As I watched Lisa and Glen lope down to the stripping chute at the far end of the arena to put the steer away, a strange motion caught my eye. Someone on the sidelines was waving a sign.

For a moment I was confused-unlike fans of baseball and football, spectators at a roping do not wave placards. Or at least they never had, in my experience. The person holding the sign turned slightly, and I could read the message: "I protest cruelty to animals." My God. An animal rights protester.

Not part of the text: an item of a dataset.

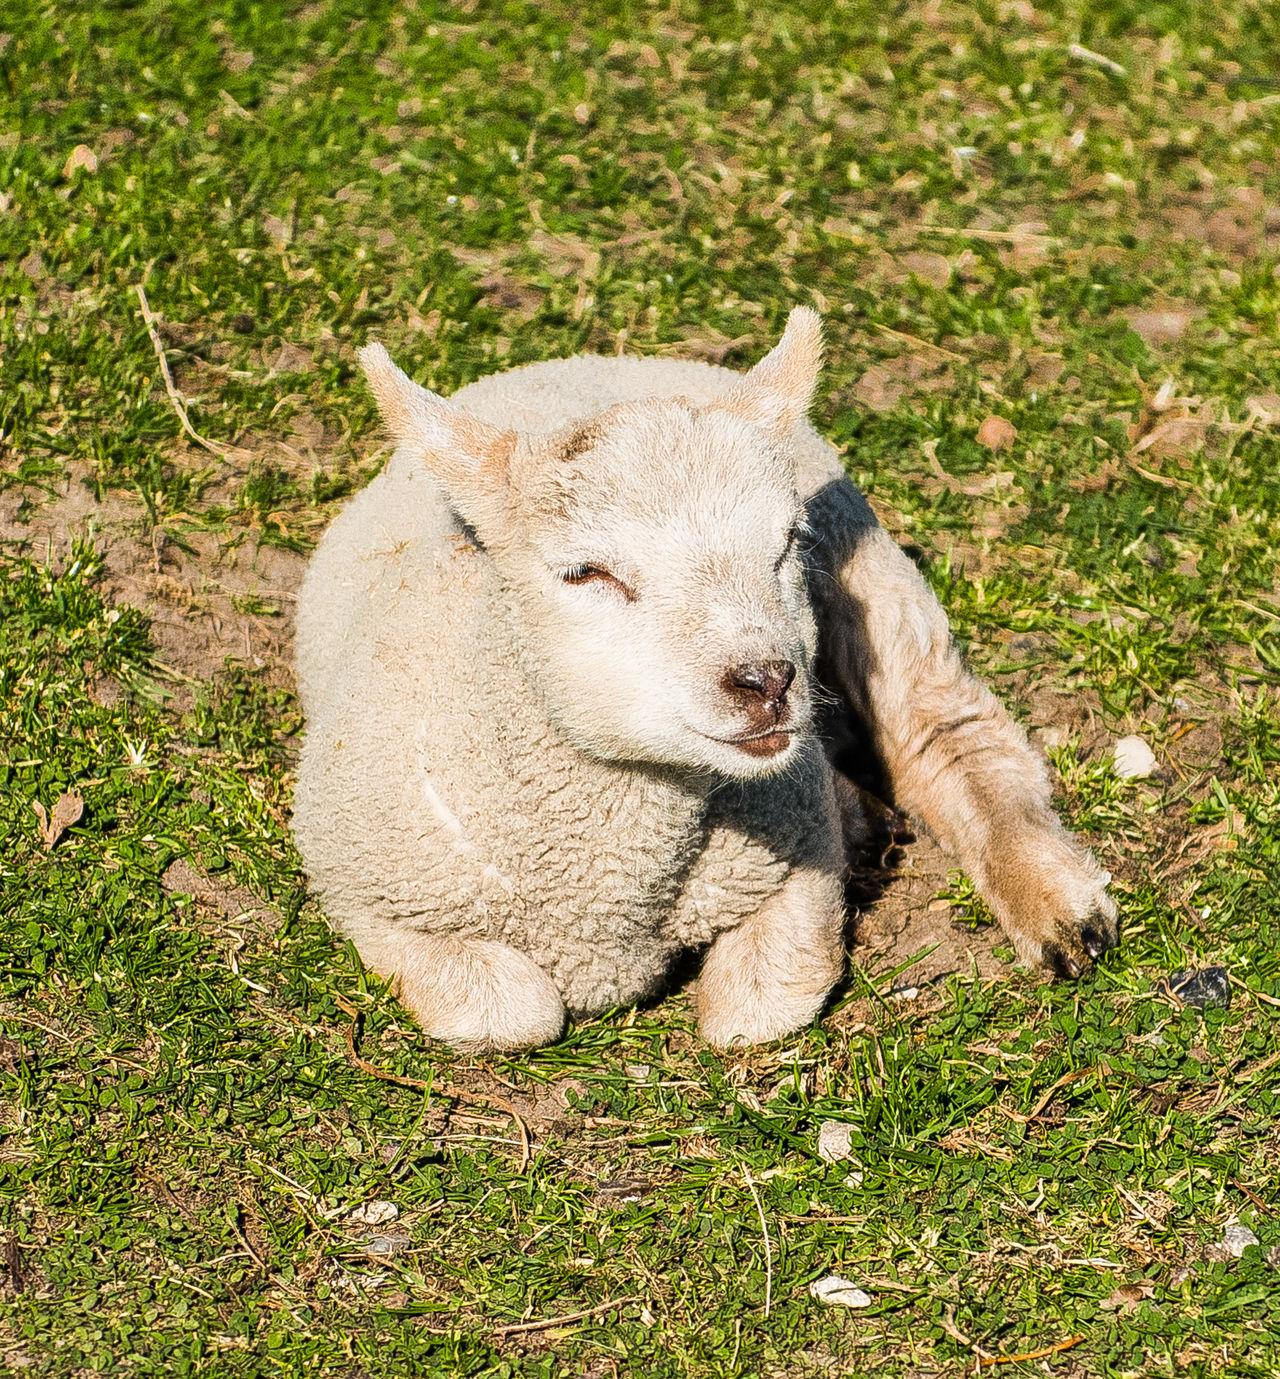 Animal Animal Themes Animals Bauernhof Day Easter Lamb Easterlamb Farm Farm Life Grass Lamb Lamm Mammal Nature No People Outdoors

Two of them, in fact. I could see two sign wavers, a man and a woman, though I couldn't read the second sign. The woman wore a long skirt and the man wore shorts, and they would have stood out in the jeans-clad crowd even without the signs. I noticed everybody was giving them a wide berth.

Another thought struck me. Had these people seen the sorrel horse break his leg? If so, Glen might be in real trouble.

The animal rights movement has been gaining strength and momentum for the last few years. Its devotees protest such things as rodeo events, raising animals for slaughter, and, in some cases, keeping animals in any sort of confinement. It's hard to generalize about the movement, as its members range from those who are offended at cruelty to animals (count me in) to fanatics who don't believe that animals should be kept as pets and appear to think that all creatures should live completely free.

That this is impractical and ridiculous doesn't seem to have occurred to these folks, and many animal rights activists appeared to me to have very little feeling for or understanding of the animals they were ostensibly trying to save. To kill helpless cattle rather than seeing them live in "slavery" (i.e., a fenced pasture) strikes me as craziness, as does turning domestic animals loose to starve on the already overgrazed open range. Not to mention burning down laboratories, including the animals in residence there, because said laboratories do medical tests on animals.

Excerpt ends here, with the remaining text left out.